Американские власти предлагали Старку переехать в США, но он выбрал местом своего жительства Париж. В 1925 году во Францию перебрались и дети Георгия Карловича. Как вспоминал его сын, «отец, не найдя ничего подходящего, решил, как и многие безработные русские, стать шофером такси. Но для этого нужно было сдать четыре экзамена: вождение автомобиля, знание улиц Парижа, умение самостоятельно отремонтировать автомобиль и “высший пилотаж” – классное вождение. Я и мой двоюродный брат Александр, сын Развозова, экзаменовали его на знание улиц столицы Франции». За рулем такси Георгий Карлович проработал двадцать лет. Во время Второй мировой войны он потерял работу из-за отказа сотрудничать с германскими оккупационными властями.

В 1943 году Георгий Карлович написал воспоминания, охватывающие период с детских лет и вплоть до конца 1916 года. Времена революции и Гражданской войны он вспоминать не любил и даже практически не рассказывал о них своим детям. Рукопись адмирала была привезена в СССР его сыном и долгое время хранилась в его семье в Ярославле, а в 1998 году воспоминания увидели свет под заголовком «Моя жизнь». Еще раньше, в 1920-е годы, Старком был составлен подробный «Отчет о деятельности Сибирской флотилии». Это уникальный исторический источник, на основе документов, многие из которых сейчас утрачены, день за днем прослеживающий историю не только Сибирской флотилии, но и всей приморской Белой государственности. Известно, что после ликвидации флотилии отчет о ее действиях и остатки денежных сумм Старк передал Великому Князю Николаю Николаевичу – представителю династии Романовых, которой, пусть и формально, подчинялась Земская Власть на Дальнем Востоке.

После войны, вплоть до самой смерти, Г. К. Старк был заместителем председателя Всезарубежного объединения русских морских организаций (ВОМО). Основной целью ВОМО, учреждаемого «на началах традиций Русского флота и офицерской чести», было сплочение русских морских офицеров, находящихся в Зарубежьи, в прежнюю морскую семью, а также «сохранение… воинского духа, любви и преданности историческим заветам Российского флота и усовершенствование военно-морских знаний для поддержания их на уровне современных требований». При этом Объединение являлось национальной внепартийной организацией и не примыкало к каким-либо общественным, политическим или церковным эмигрантским союзам.
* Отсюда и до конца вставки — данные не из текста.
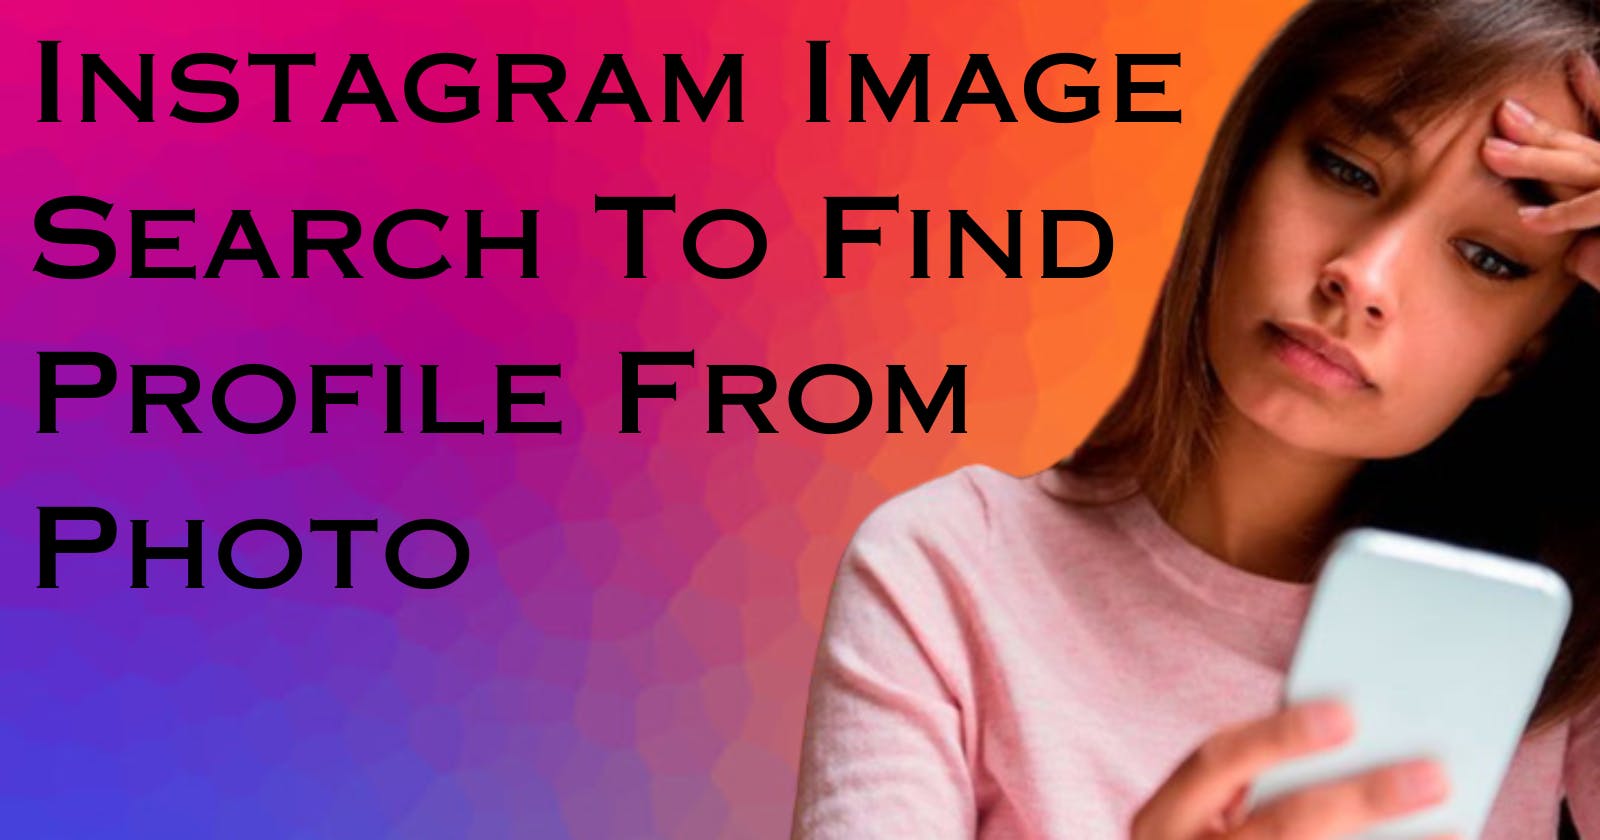 Instagram Image Search To Find Profile From Photo

В состав его принимались все морские организации, насчитывавшие не менее пяти человек. Действительными членами объединения были офицеры Флота и морского ведомства, морские врачи, чиновники и священники, корабельные гардемарины и офицеры торгового флота. При этом члены ВОМО могли состоять в любых других организациях, исключая лишь коммунистические партии.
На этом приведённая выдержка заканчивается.